Only angle is if the mortgage was drawn down after Nov 6th 2006. Then they can look at the infamous flyer angle.


----------



## joe351980 (17 Feb 2020)

Demoivre, this is hands down one of the best statements on this site. 

"If the banks had intended for customers to roll to a standard variable rate after a fixed rate why didn't they just state that clearly in the contract, which they are supposed to do ?"


----------



## demoivre (18 Feb 2020)

peemac said:


> Unless the original poster has something to indicate in black and white that a tracker forms part of the agreement, they are clutching at straws.



Unless the bank has something in black and white that a standard variable rate forms part of the agreement , they are clutching at straws.

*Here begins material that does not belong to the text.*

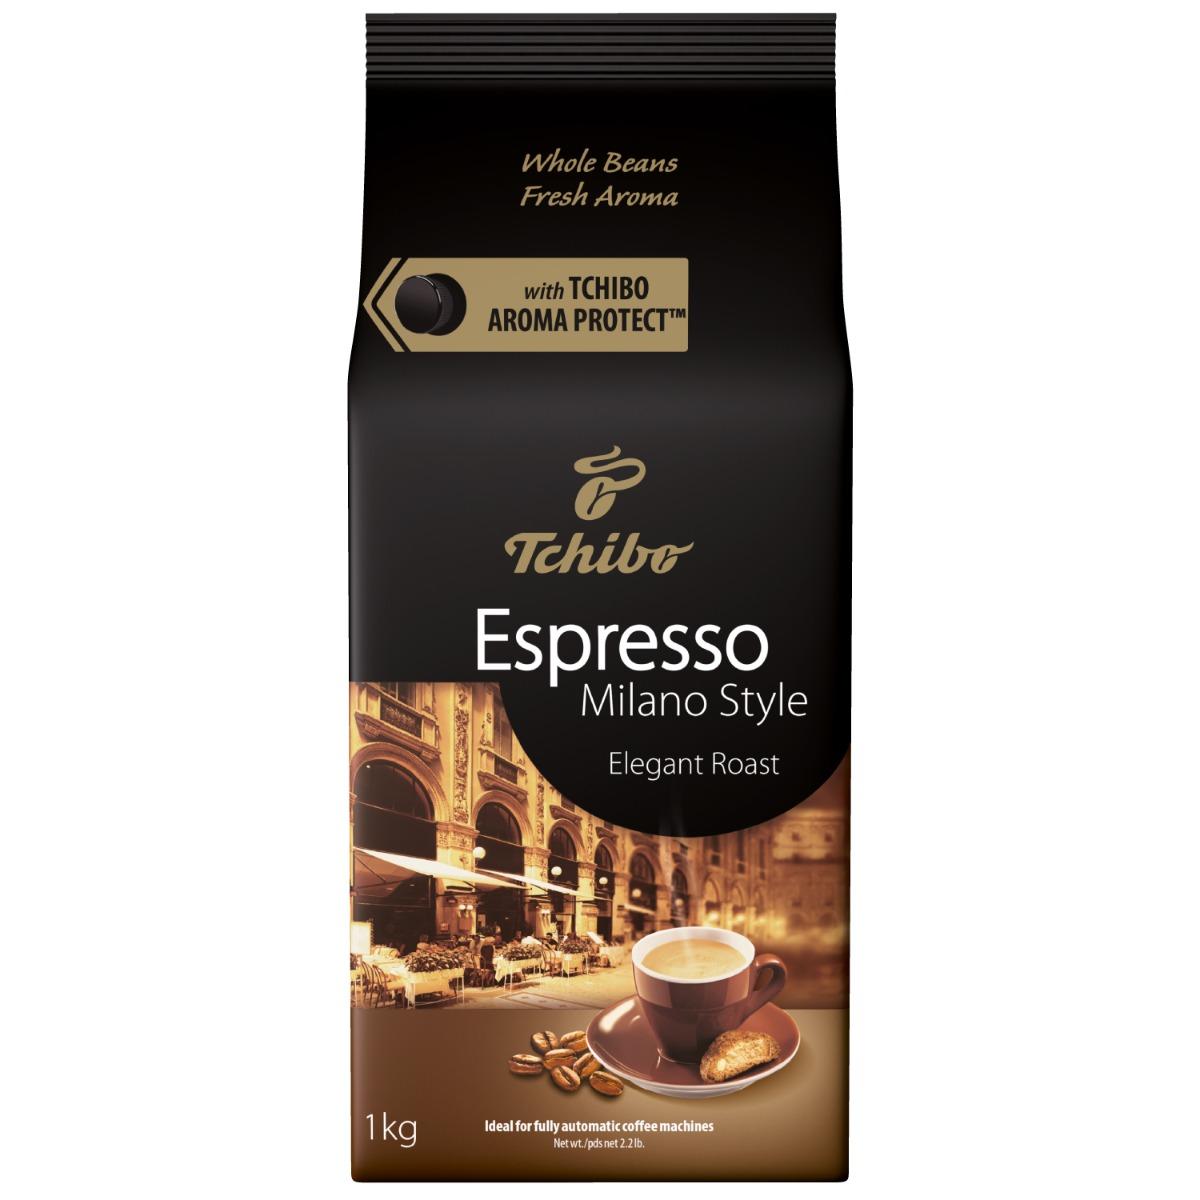 Cafea prajita boabe Tchibo Espresso Milano Style, 1 kg imagine

The notion that a tracker must be specifically mentioned in a contract for a borrower to be entitled to it, but a standard variable rate doesn't have to be, but instead a selection of loose terms can be used to describe a standard variable rate, is in direct contravention of The Framework document and the EU directive on Unfair Terms in contracts. And of course Section 2.2 of the Consumer Protection Code requires that banks:

"acts with due skill, care and diligence in the best interests of its customers; "


----------



## demoivre (18 Feb 2020)

peemac said:


> I suffered from kbc's tracker scandal and fought them since 2009 and one of the original posters on the tracker scandal here.
> 
> I've gone through contracts word for word, had extensive legal advice including counsel and fought every angle.



Who did you appeal your case to ?


----------



## peemac (18 Feb 2020)

demoivre said:


> Who did you appeal your case to ?


Ombudsman 2012. Rejected.


----------